#' @title Variable Selection in Functional Data Classification
#'
#' @description Computes classification by selecting the functional (and non functional)
#' explanatory variables.
#' @param data List that containing the variables in the model. "df" element
#' is a \code{data.frame} with the response and scalar covariates (numeric and factors
#' variables are allowed). Functional covariates of class \code{fdata} or
#' \code{fd} are introduced in the following items in the \code{data} list.
#' @param y \code{caracter} string with the name of the scalar response variable
#' @param x \code{caracter} string vector with the name of the scalar and functional
#' potential covariates.
#' @param family a description of the error distribution and link function to
#' be used in the model. This can be a character string naming a family
#' function, a family function or the result of a call to a family function.
#' (See \code{\link{family}} for details of family functions.)
#' @param weights Weights:
#' \itemize{
#' \item if \code{character} string \code{='equal'} same weights for each observation (by default) and
#' \code{='inverse'} for inverse-probability of weighting.
#' \item if \code{numeric} vector of length \code{n}, Weight values of each observation.
#' }
#' @param basis.x List of basis for functional explanatory data estimation.
#' @param basis.b List of basis for functional beta parameter estimation.
#' @param prob probability value used for binary discriminant.
#' @param alpha alpha value to test the null hypothesis for the test of
#' independence among covariate X and residual e. By default is \code{0.05}.
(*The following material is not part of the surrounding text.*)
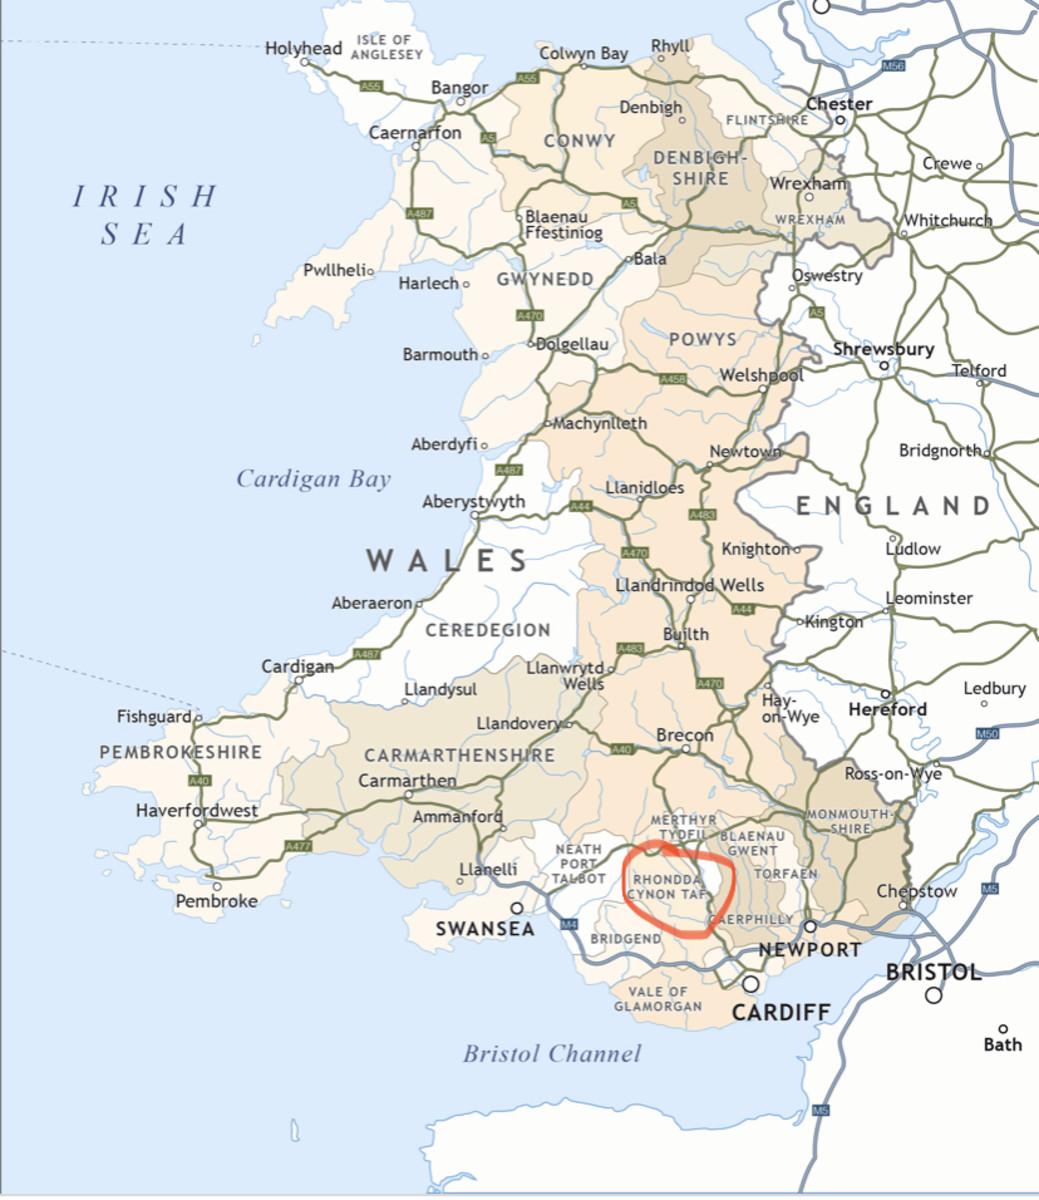 Llanharan, located in the Rhondda Cynon Taf in South Wales.

#' @param dcor.min lower threshold for the variable X to be considered. X is
#' discarded if the distance correlation \eqn{R(X,e)< dcor.min} (e is the
#' residual).
#' @param type \code{character}, type of scheme classification. \code{'1vsall'} (by default)
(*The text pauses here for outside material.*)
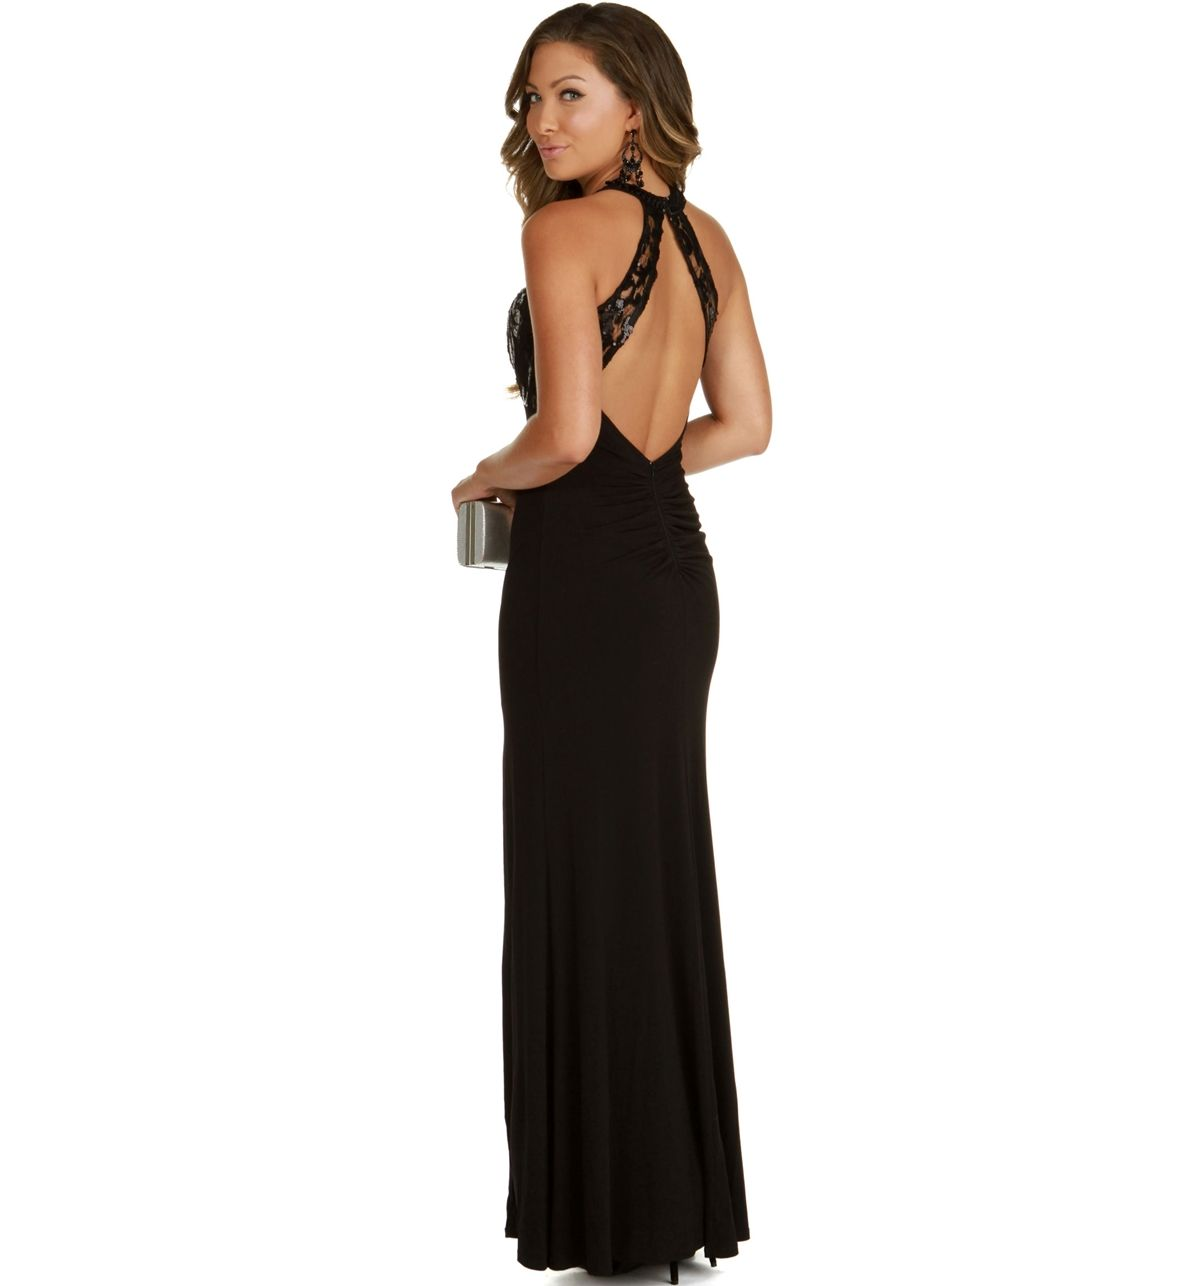 Angieblack prom dress senior year pinterest black prom

#' strategy involves training a single classifier per class, with the samples of that class
#' as positive samples and all other samples as negatives. Other posibility for K-way multiclass problem
#' is the \code{'majority'} voting scheme (also called one vs one).
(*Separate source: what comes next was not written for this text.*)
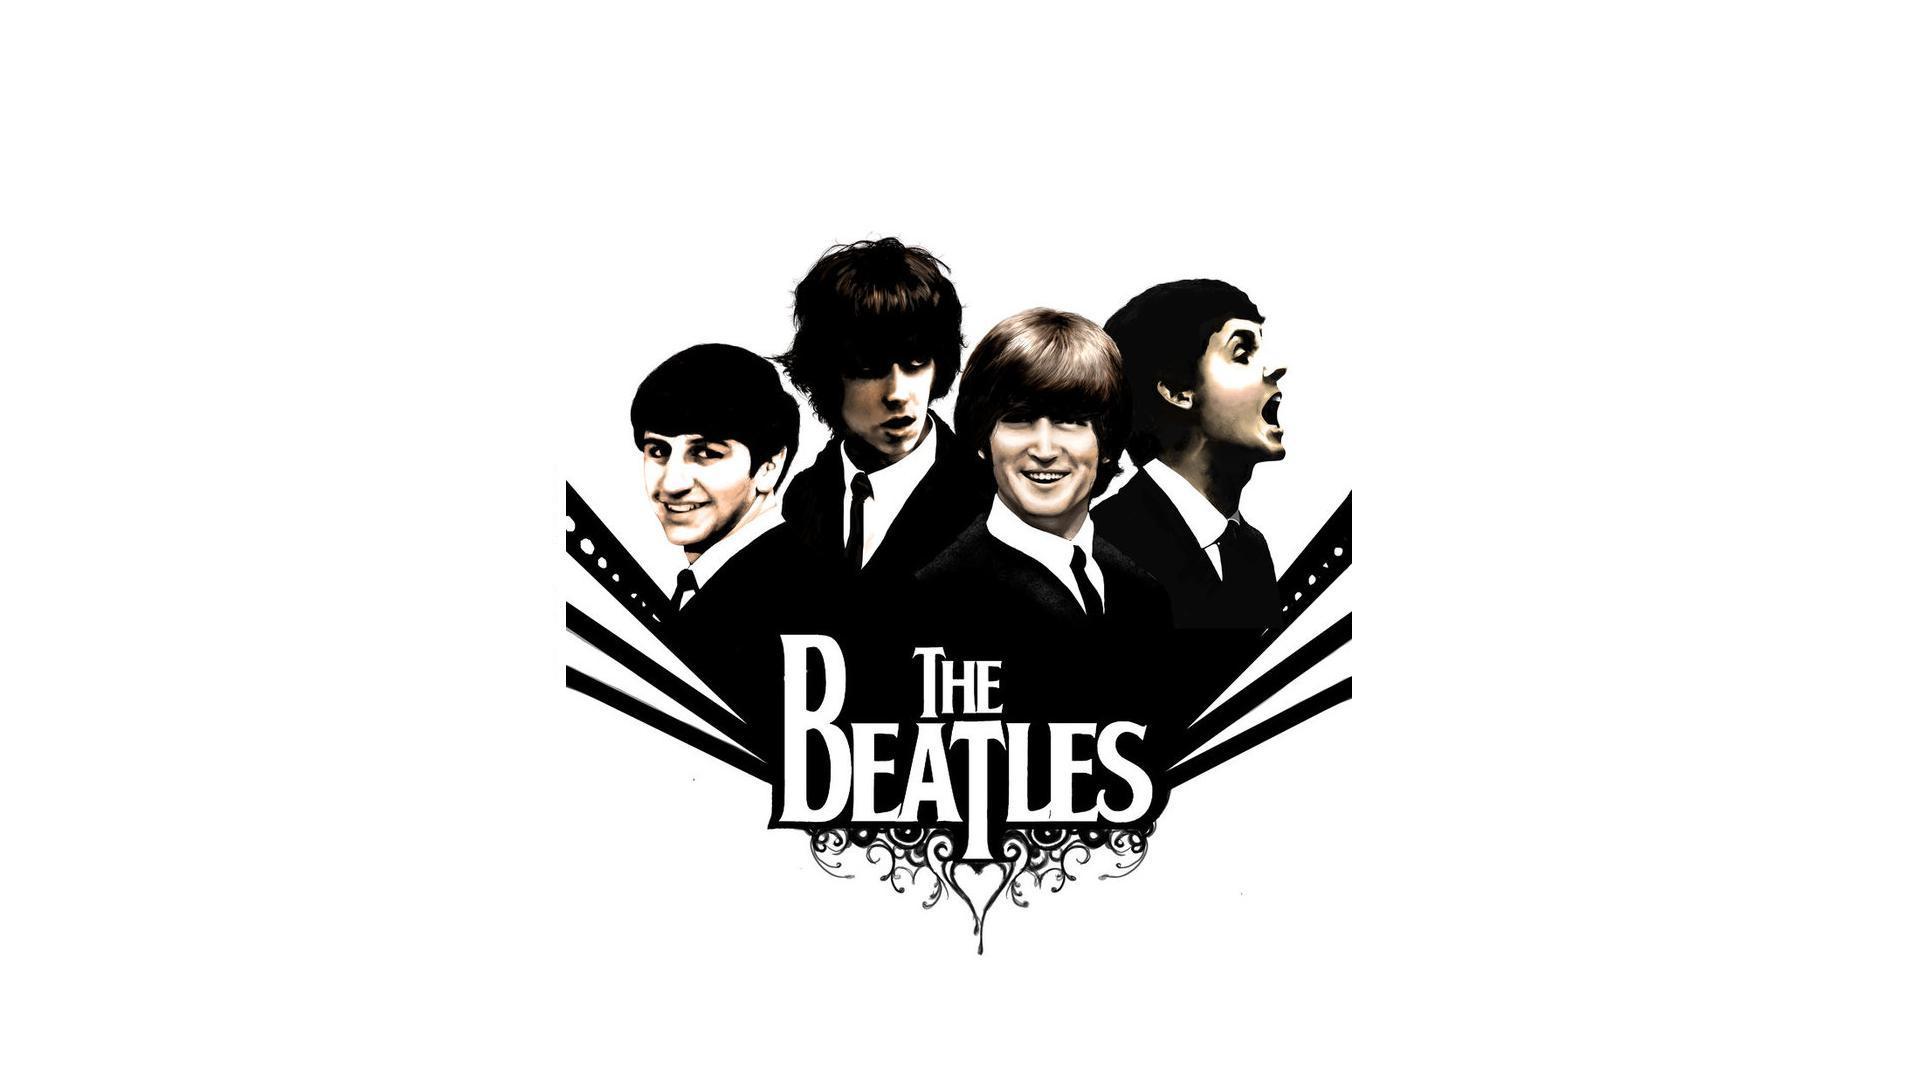 beatles legend john lennon paul mccartney wallpapers music   download 1920x1080

#' The procedure trains the \eqn{K (K - 1) / 2}{K (K - 1) / 2} binary classifiers and predicts the final class label as the class
#' label that has been predicted most frequently.
#' @param smooth if \code{TRUE}, a smooth estimate is made for all covariates included
#' in the model (less for factors). The model is adjusted with the estimated
#' variable linearly or smoothly. If the models are equivalent, the model is
#' adjusted with the linearly estimated variable.
#' @param measure measure related with correct classification (by default accuracy).
#' @param xydist list with the matrices of distances of each variable (all
#' potential covariates and the response) with itself.
#' @param \dots Further arguments passed to or from other methods.
# @param trace Interactive Tracing and Debugging of Call.
# @param verbose \code{logical}, if \code{TRUE} print relevant information for each iteration.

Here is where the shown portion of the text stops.